While observing a harmonious flight of ‘exact replica’ guillemots he ponders homo sapiens: ‘Is man over-attached to his individuality? Does it lead to the wrong kind of competition? Is there something inherently destructive in our need to assert our differences over others?’

‘We sail to islands named by Norse men with a dislike of vowels’

When two humpback whales swim alongside Mingming II within arm’s reach: ‘All experience is stripped of relevance and meaning; the world and one’s place in it is redefined at every level. Thought is reduced to tingling primeval sensation; there is nothing but the moment…’

Yet when considering the inanimate coast of Bjornoya in the Barents Sea, he is placed in humankind’s fullest context: ‘Our few hours there constituted just one single day in more than thirty-six billion days. Perhaps it was the remoteness and the overwhelming muteness of the rock, that brought home the weight of all those days… for a fleeting moment I sensed the mind-numbing dimensions of geological time, and heard the echoes of its silence.’

Or sailing towards the glacier at Edgeoya: ‘… the only constant is the ocean. Land is ever- shifting and ephemeral; so, too, is ice. Despite its scale and seeming solidity, I knew that the glacier was moving. I could hear it. The ice was murmuring and groaning and every few minutes let out a rumbling roar, sometimes a distant roll of thunder, sometimes a sharp- edged artillery salvo.’

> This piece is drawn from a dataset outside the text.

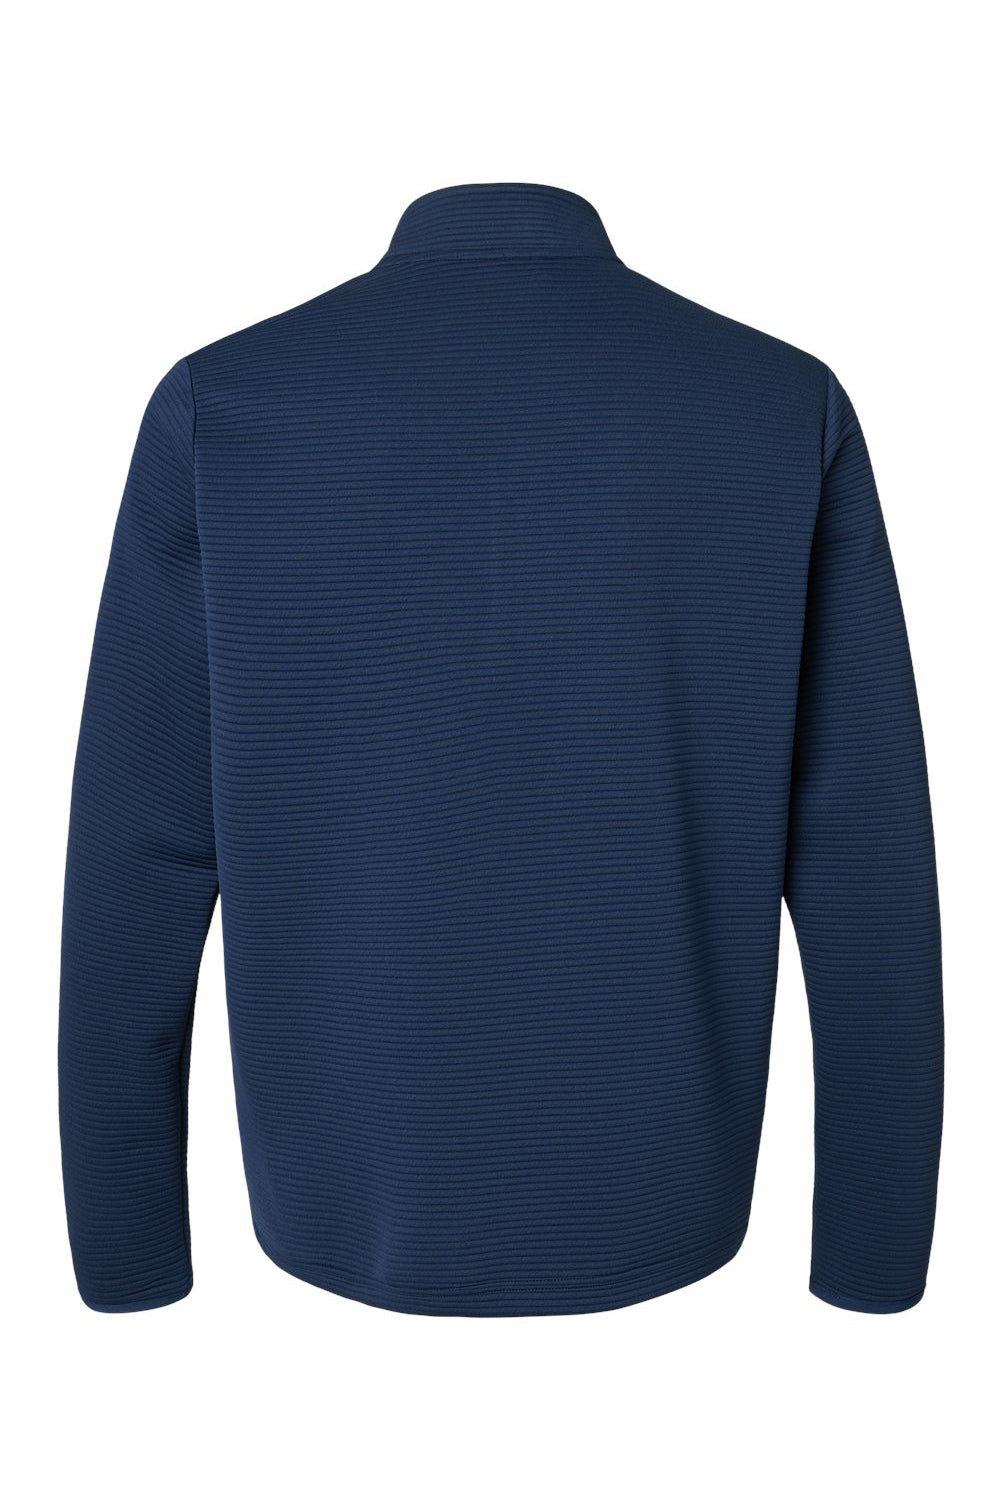 Adidas A588 Mens Spacer 1/4 Zip Sweatshirt Collegiate Navy Blue Flat Back
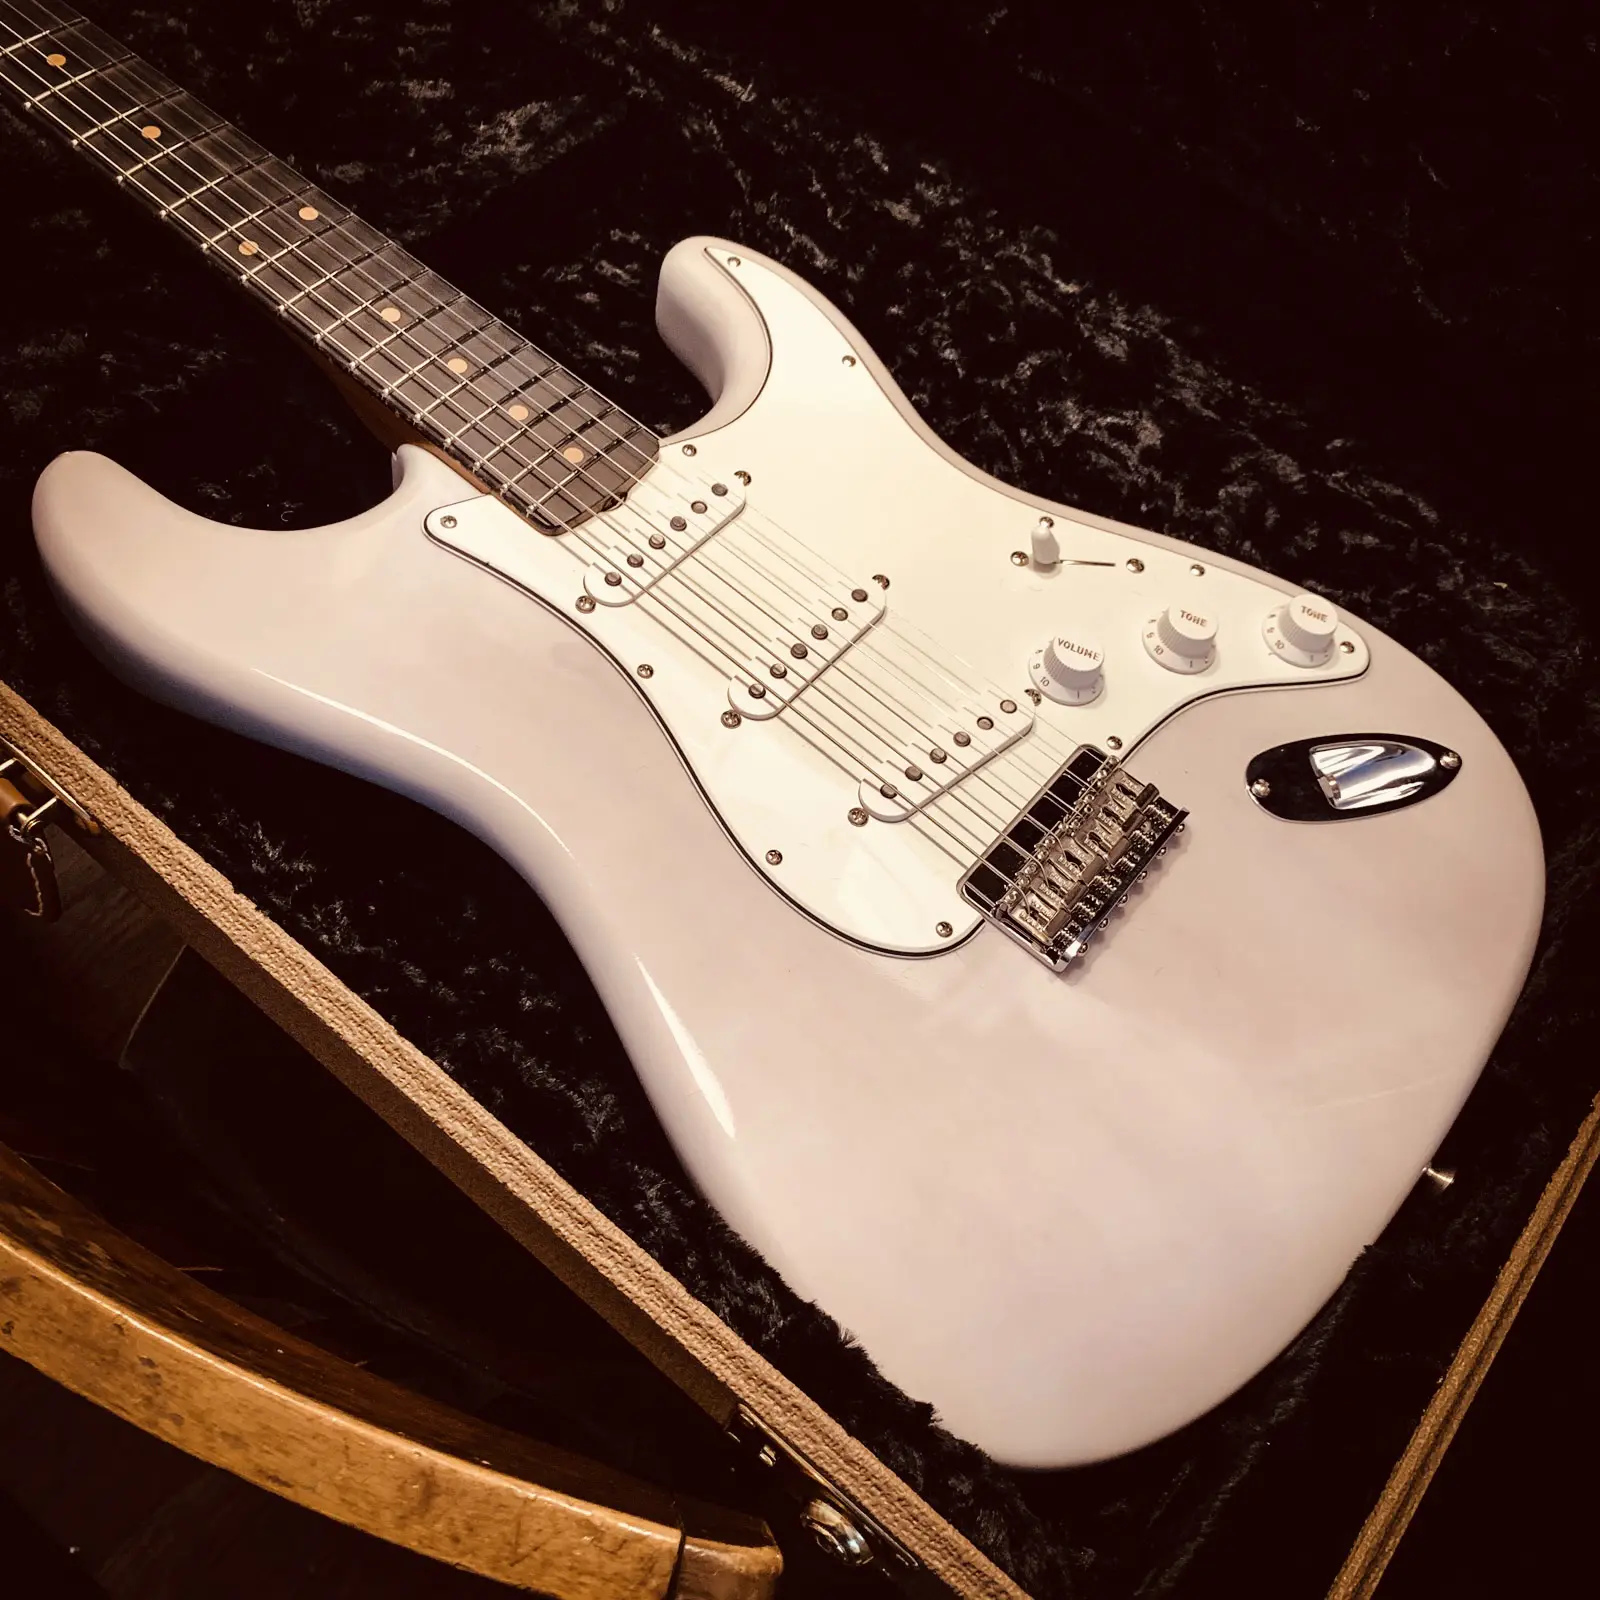 Seans Fender Custom Shop Stratocaster

It is, appropriately, his own creation which is both the vessel of his physical voyaging and the vehicle of his self-discovery; while off Jan Mayen Island he asks himself what he is doing there and quickly answers: ‘ … An urge for total immersion in a world spared the stultifying contrivances of man? …this simple voyaging … in the bleakness of these wild places … I could find clarity and repose; it was only here that my mind, the only thing that was truly mine, could find the space to soar.’

No-one else writes like this; few can sail like this. Through his plucky singlehanded ‘cruises’, Roger has produced the Baedeker of Being.